→ **EXERCISE DIRECTIONS**: Give back exactly the lines that start at the one containing "обошла KFC по" and run to the end of the material, leaving out the pictures.

→ **INFORMATION**:

-*-

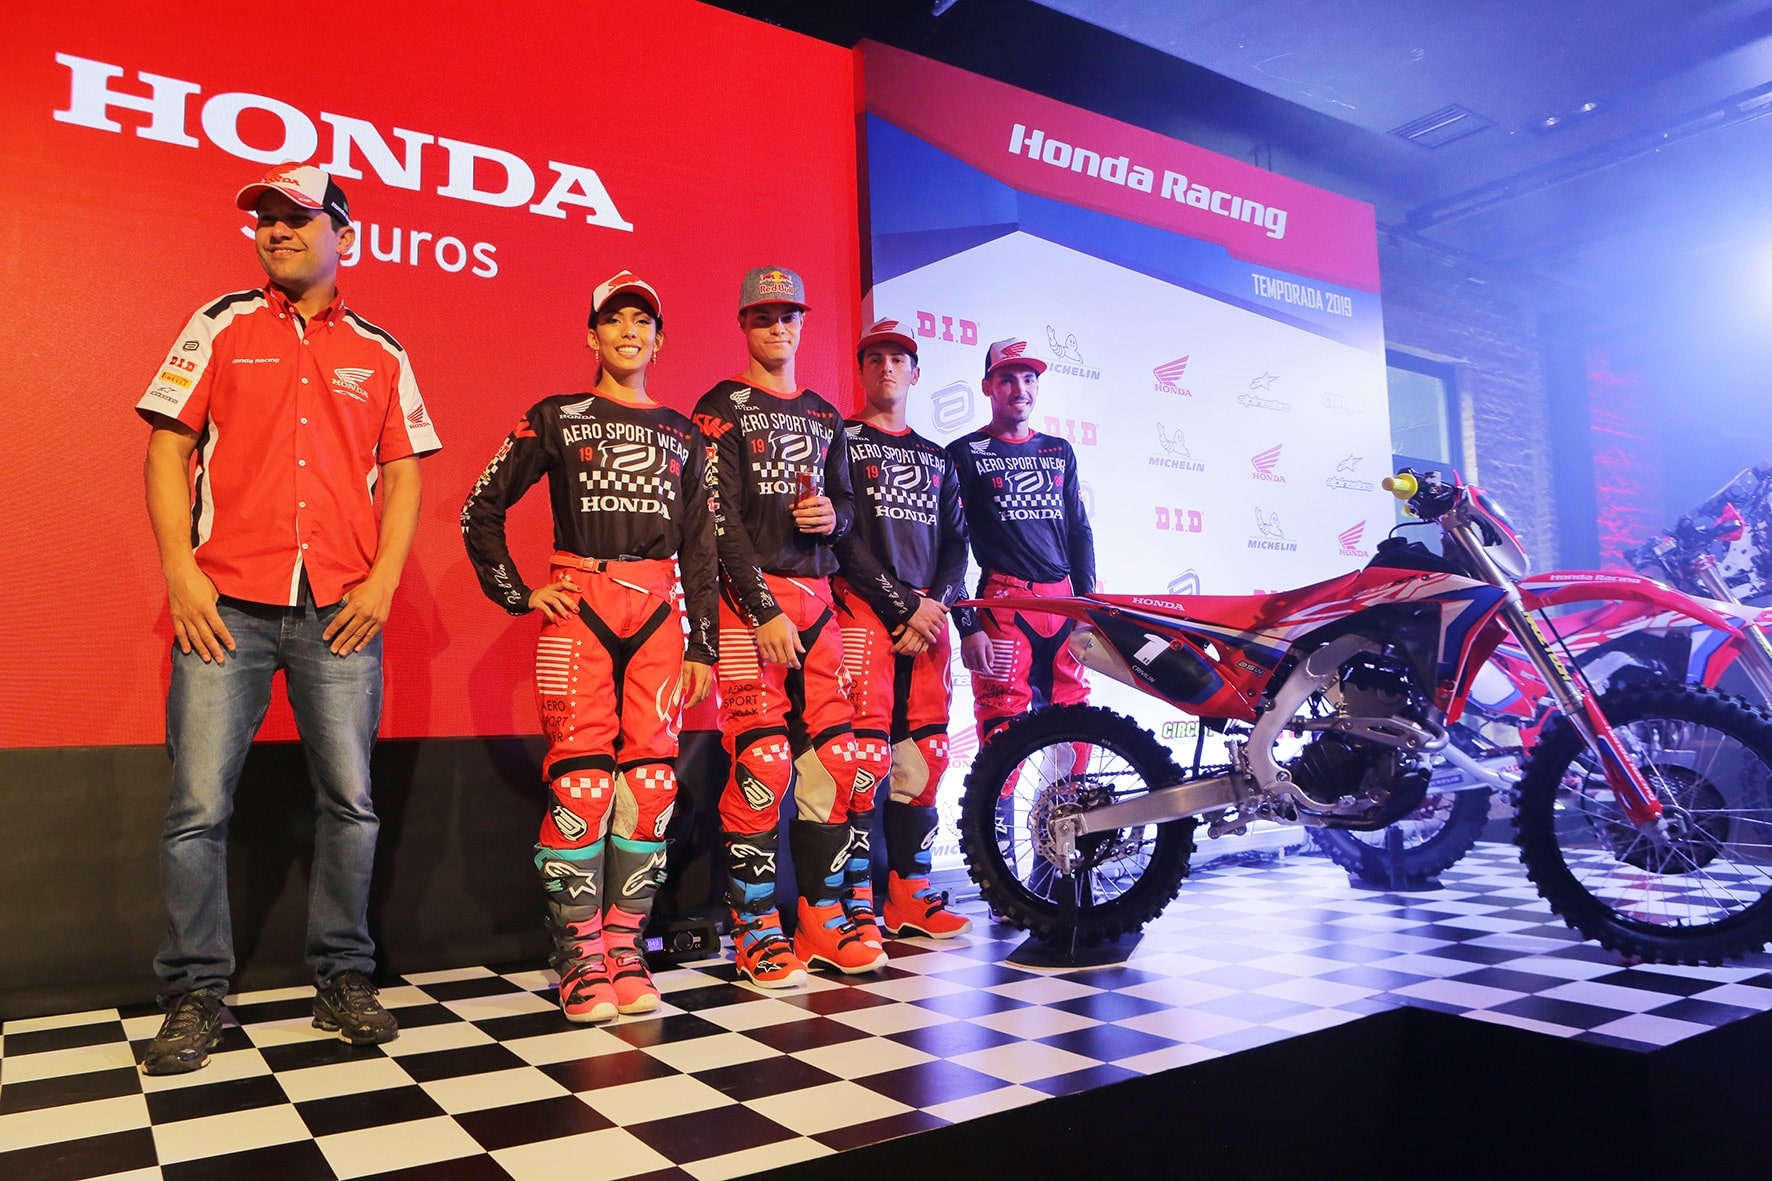 Pilotos da equipe Honda Racing dão dicas para fazer trilhas de moto
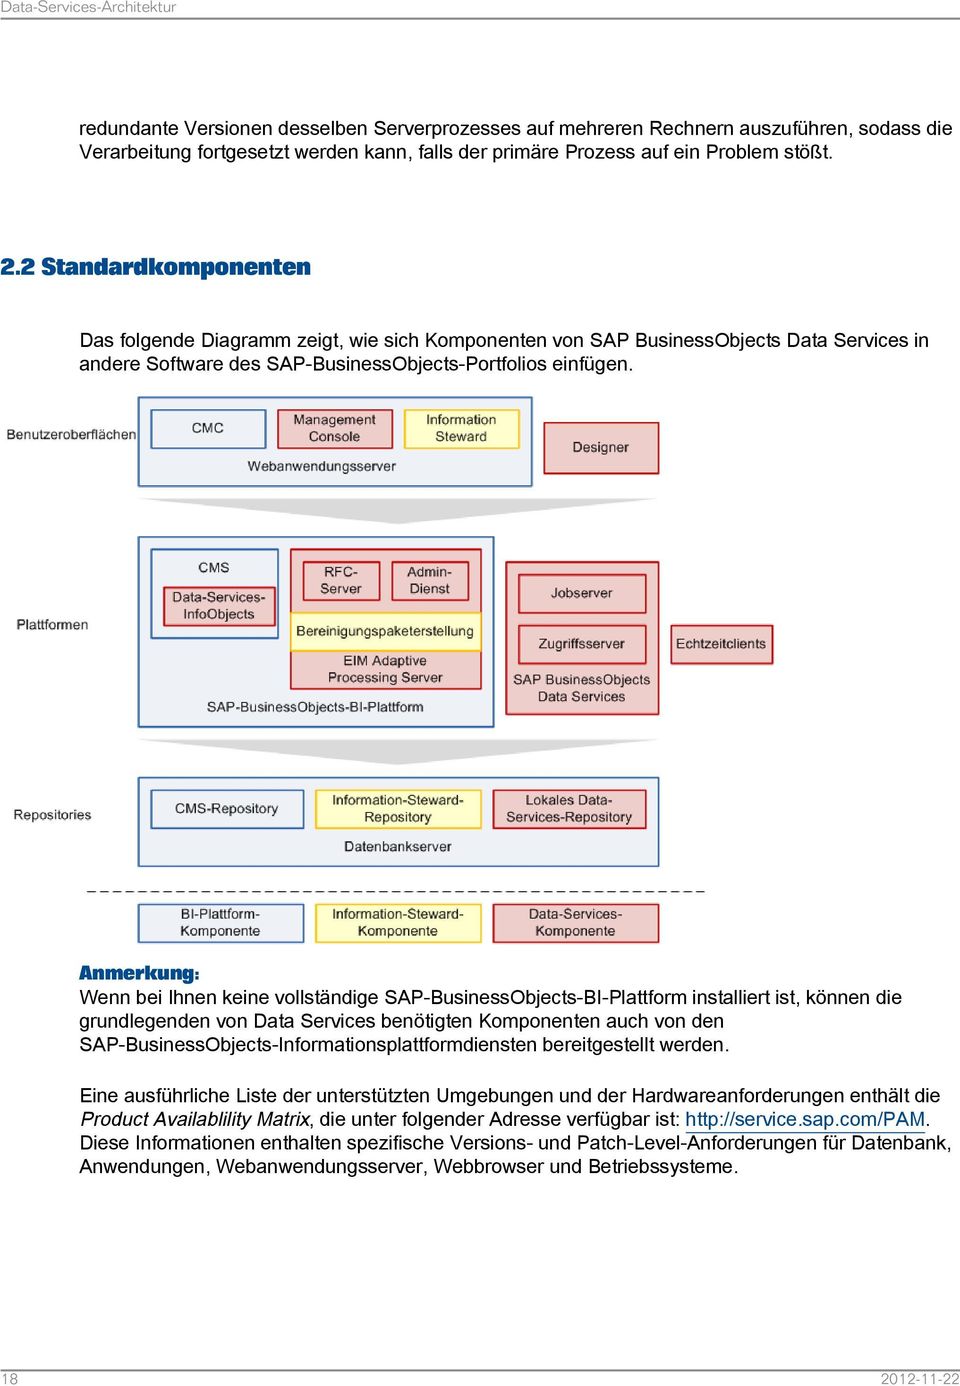 Anmerkung: Wenn bei Ihnen keine vollständige SAP-BusinessObjects-BI-Plattform installiert ist, können die grundlegenden von Data Services benötigten Komponenten auch von den
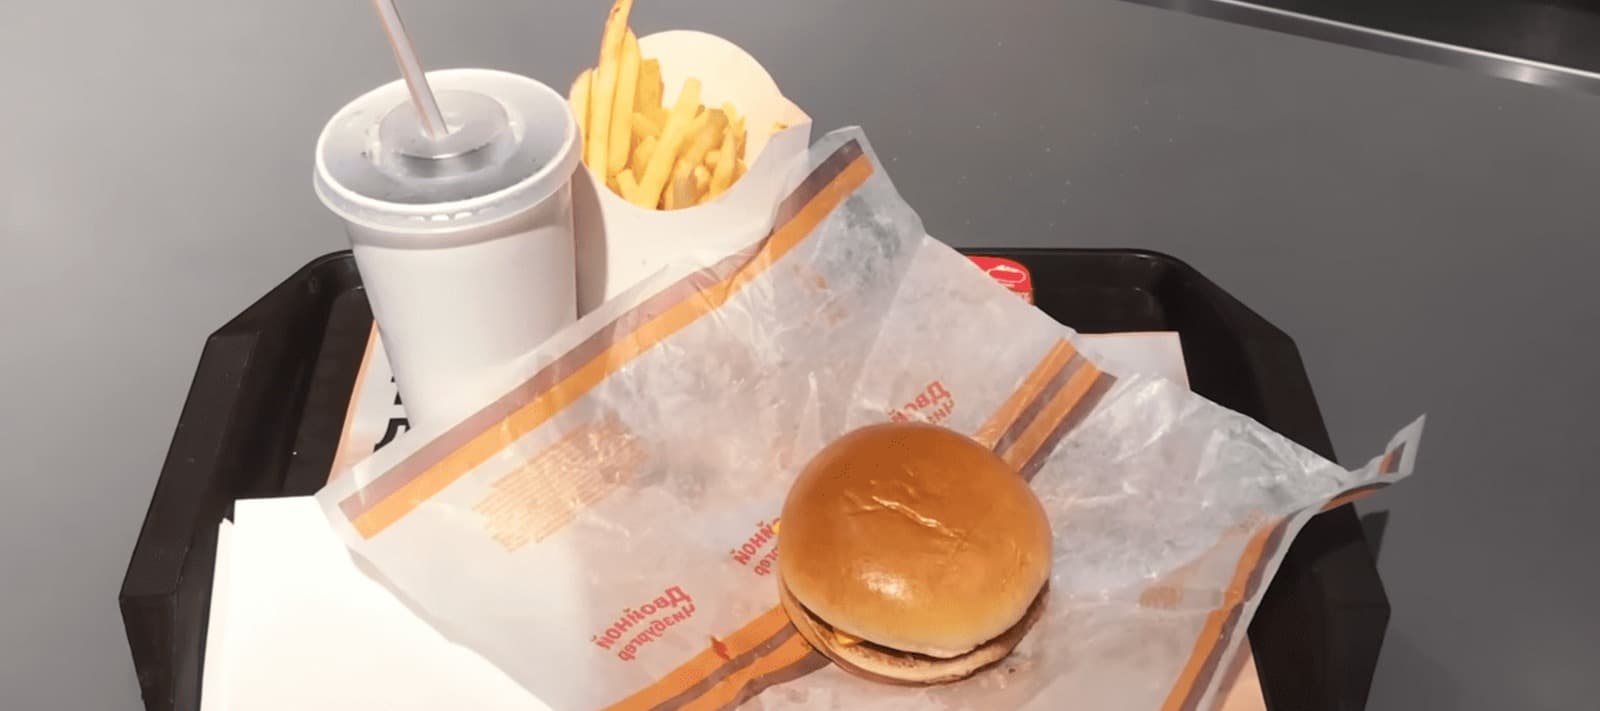 Фото новости: "«Вкусно — и точка» обошла KFC по популярности среди россиян"
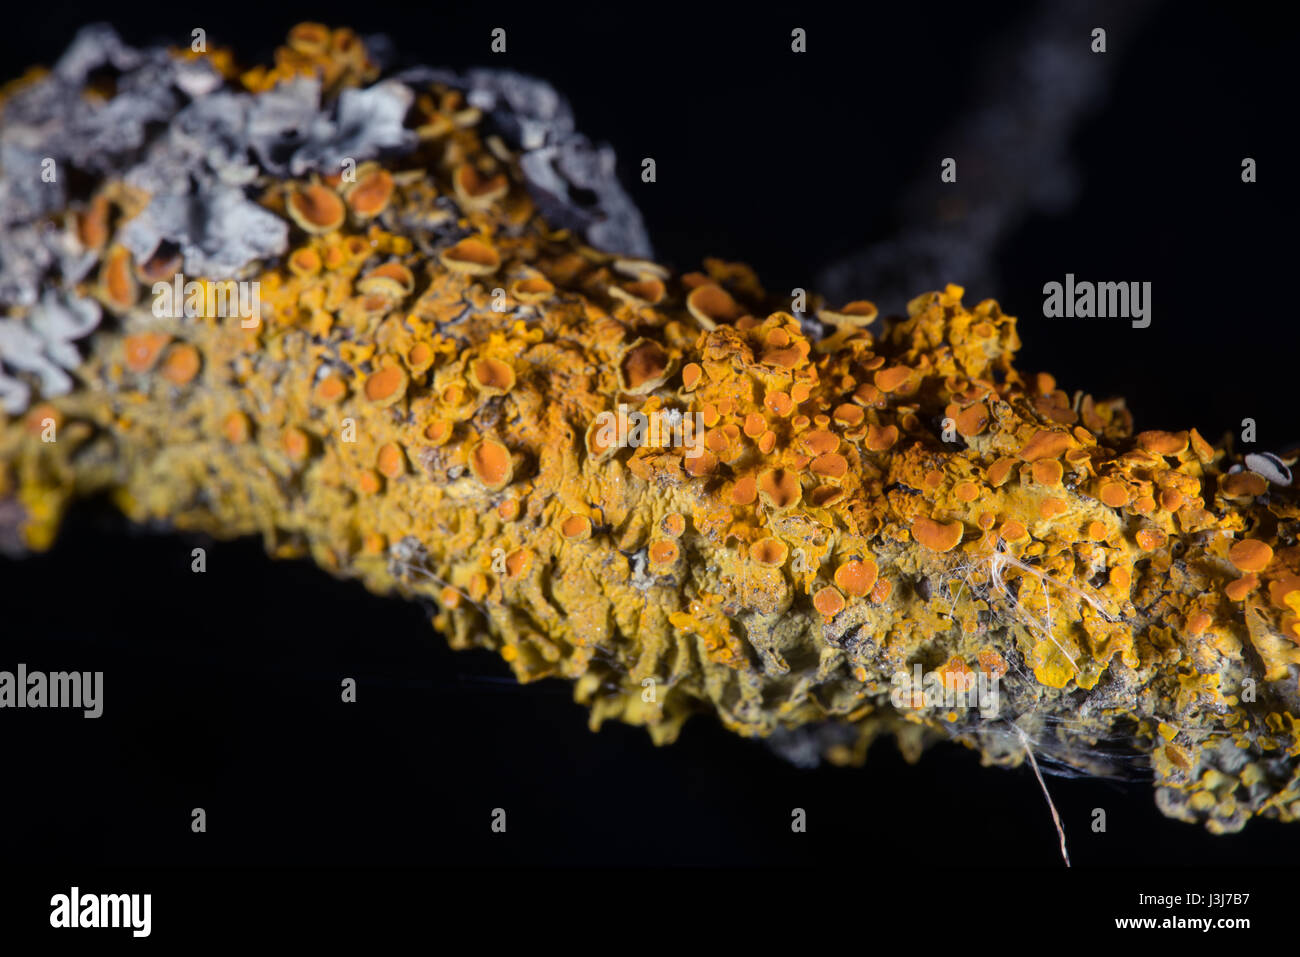 Lichen up-close Stock Photo
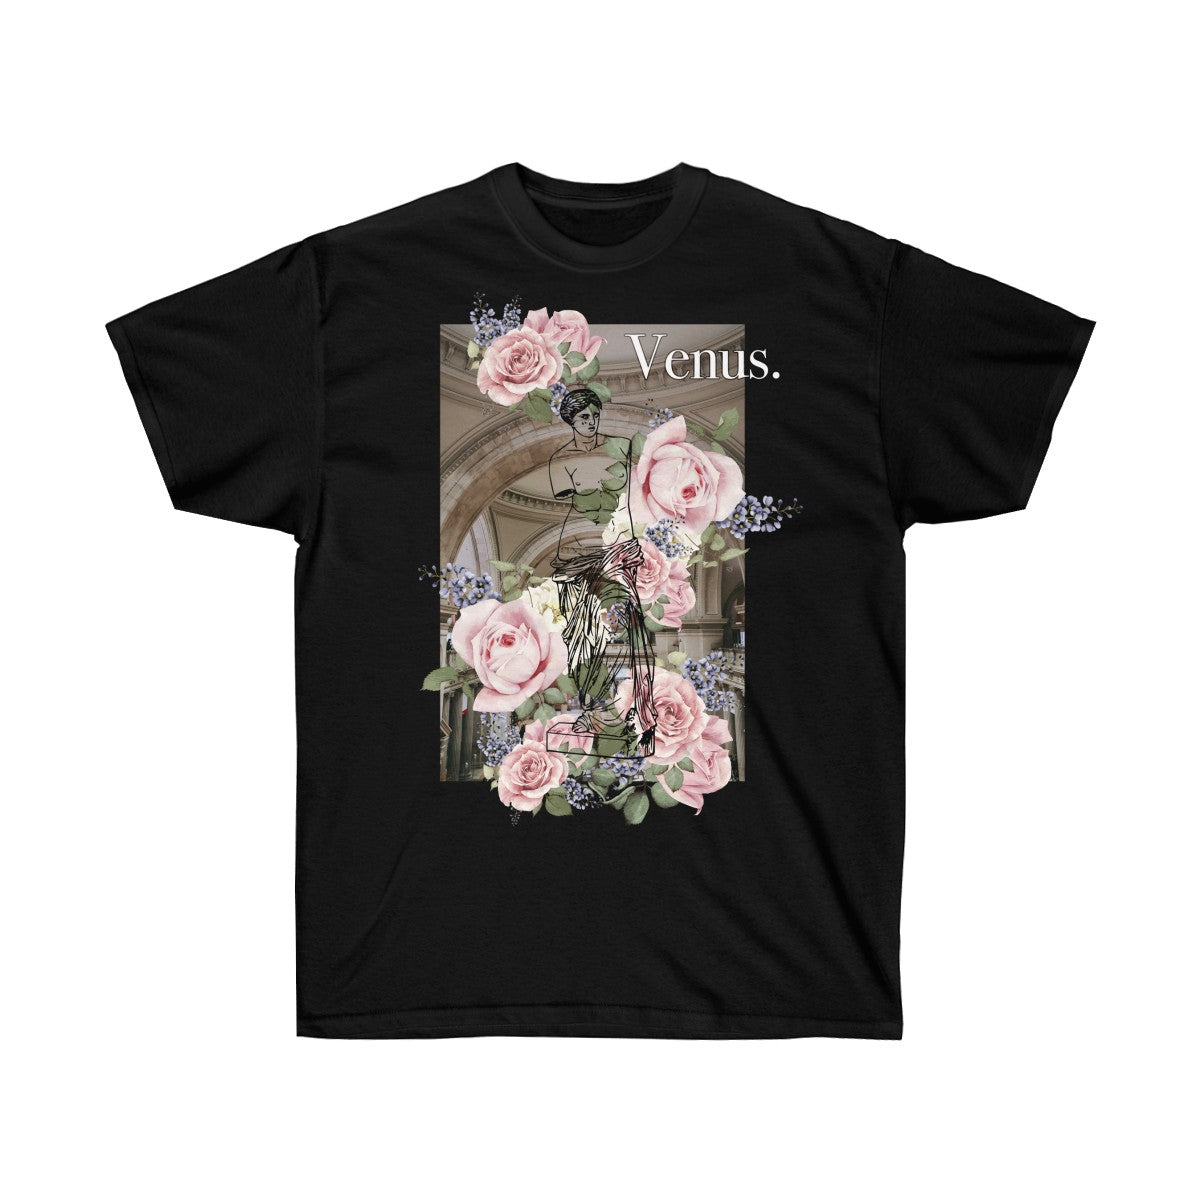 Venus & Flowers shirt

-*-

→ **TASK RESPONSE**:
 Фото новости: "«Вкусно — и точка» обошла KFC по популярности среди россиян"
 Lichen up-close Stock Photo
 Venus & Flowers shirt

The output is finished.